§ **Task data**
---

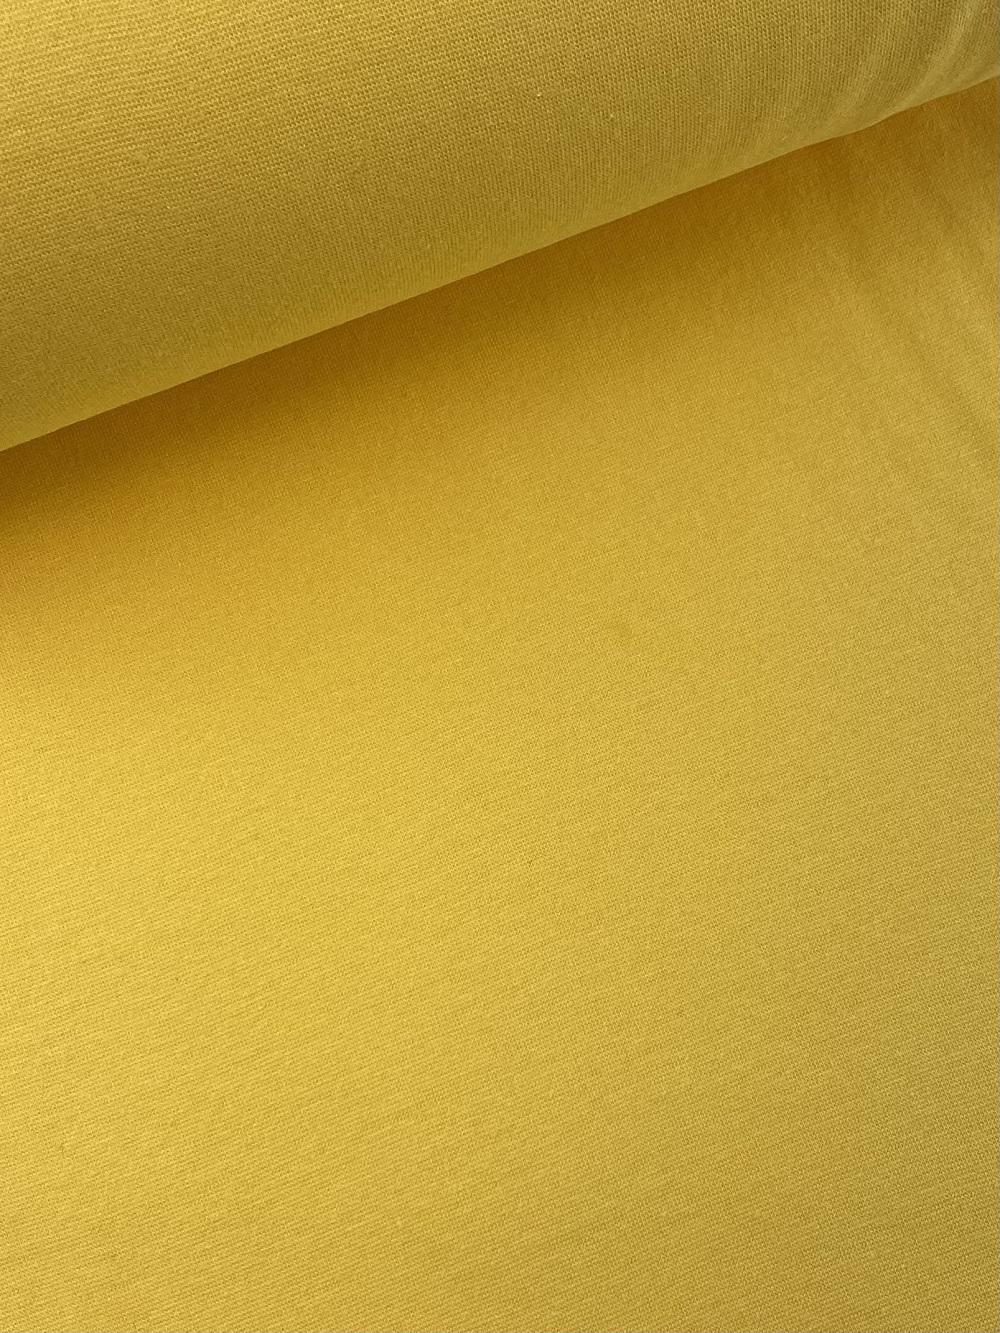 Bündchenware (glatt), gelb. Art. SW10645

---

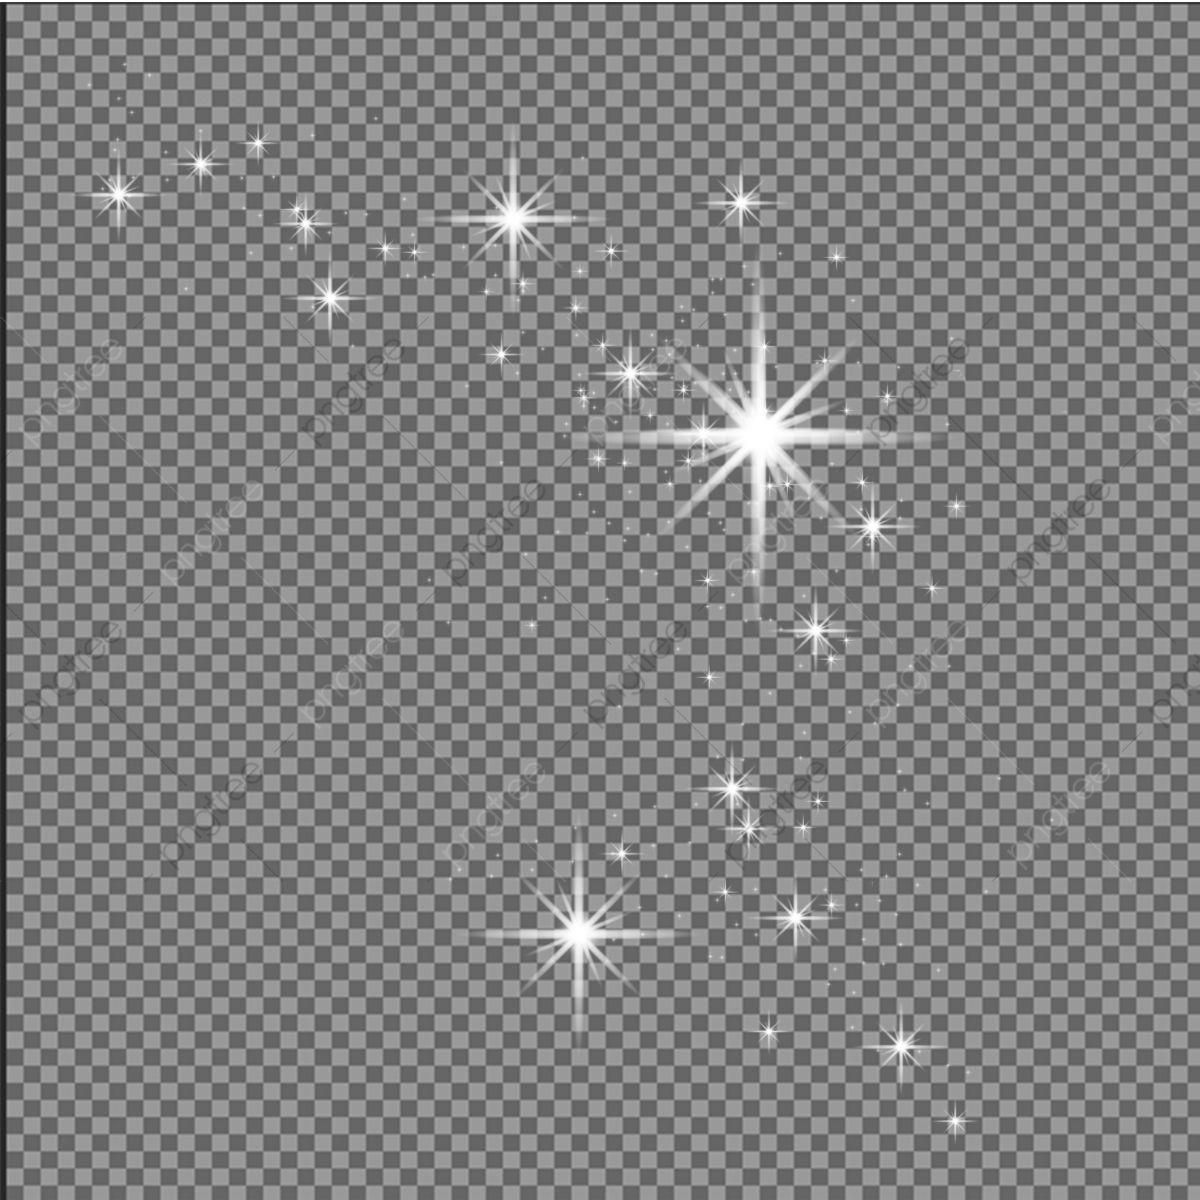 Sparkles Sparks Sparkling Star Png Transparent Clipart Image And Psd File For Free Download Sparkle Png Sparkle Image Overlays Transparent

---

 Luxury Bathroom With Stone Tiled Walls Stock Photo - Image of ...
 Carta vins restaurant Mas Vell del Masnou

---

§ **Problem statement**
Retype the records above, but only those lines that fall between the line containing "Luxury Bathroom With" and the line containing "Carta vins restaurant Mas Vell del Masnou", with both of those lines included, exactly as written.

§ **Expected output**
 Luxury Bathroom With Stone Tiled Walls Stock Photo - Image of ...
 Carta vins restaurant Mas Vell del Masnou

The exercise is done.